To achieve this goal, Williams approached Frost, a decade long friend and respected thespian, to help head up this relief society. Frost felt overwhelmed with the prospect of writing, recording and editing a weekly satire, but eventually rose to the challenge and Sister Dottie was born. A housewife from Spanish Fork (Spaneesh Fark), Dottie is in her 50s with a gay son, Donny and husband Don, who is a laid-off steel worker from Geneva. Frost pulled many of the best mormantics for Dottie from his Spanish Fork born and bred mother and her besties.
“She’s [Dottie] fabu in her own way,” Frost says. “She’s not well educated, yet she’s worldly wise. She’s full malapropisms, poor grammar and loves her gay son.” Frost wanted to make Dottie everything he wasn’t––a devout Mormon mother who embodied the true-natured women who are the advocates and champions for, as Sister Dottie puts it, “The miniturized and minoritized people of the world.”
Williams, who edits the episodes, wanted to jump on the covered wagon and help write the Sister Chronicles. As an Oregon native, Williams confessed it was initially difficult to develop the syntax for Dottie, luckily he had a few Spaneesh lessons from Frost.
Pulling from Frost’s childhood memories, Williams was able to add an extremely complex back story and genealogy, including Dottie’s three times great grandfather, Heber Orson Maxwell O’Donovan (notice the initials) who married a Sioux Indian, helping fulfill Brigham Young’s prophecy of turning the native people into a white race––an actual story of Williams’ polygamist lineage.

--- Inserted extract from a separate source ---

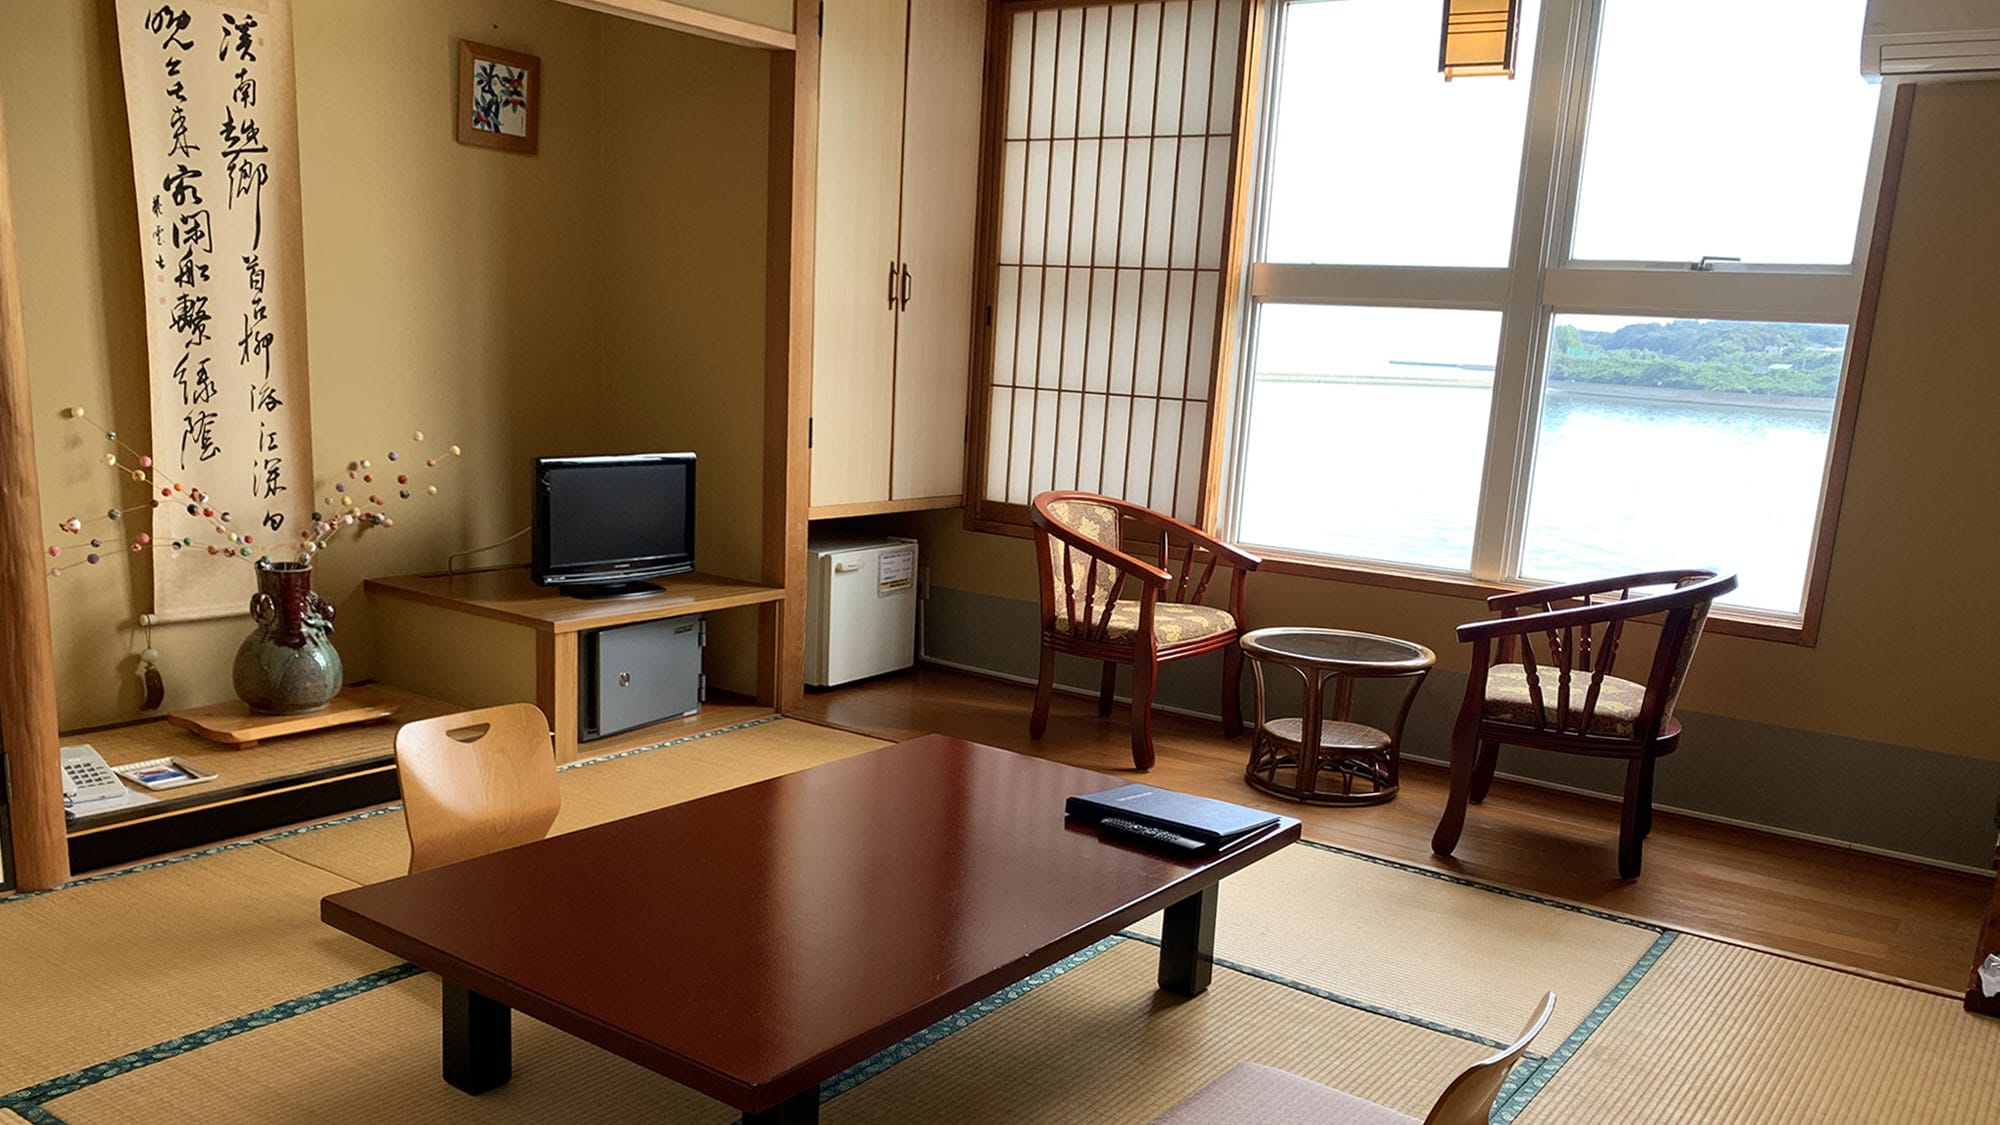 3F 风景优美的日式房间

Initially, Dottie made guest appearances on Now Queer This once a month. After the program was canceled, she got her own 3-minute spots. She currently appears every Friday at 3 p.m. and Saturday at 10 a.m. on KRCL. It’s really not surprising that Dottie’s persona outgrew these small time slots. She needed her own stage show. One that could deliver a more positive message than say… Broke Back Mountain, which in the end shows if you’re gay, you’re going to get fag-bashed and live in a trailer for the rest of your life. It took some convincing to get Frost on board. He feared actualizing the character and putting himself out there to be judged. He was quite comfortable living Dottie behind the mic, but worried about being able to deliver her joie de vivre with the same bravado.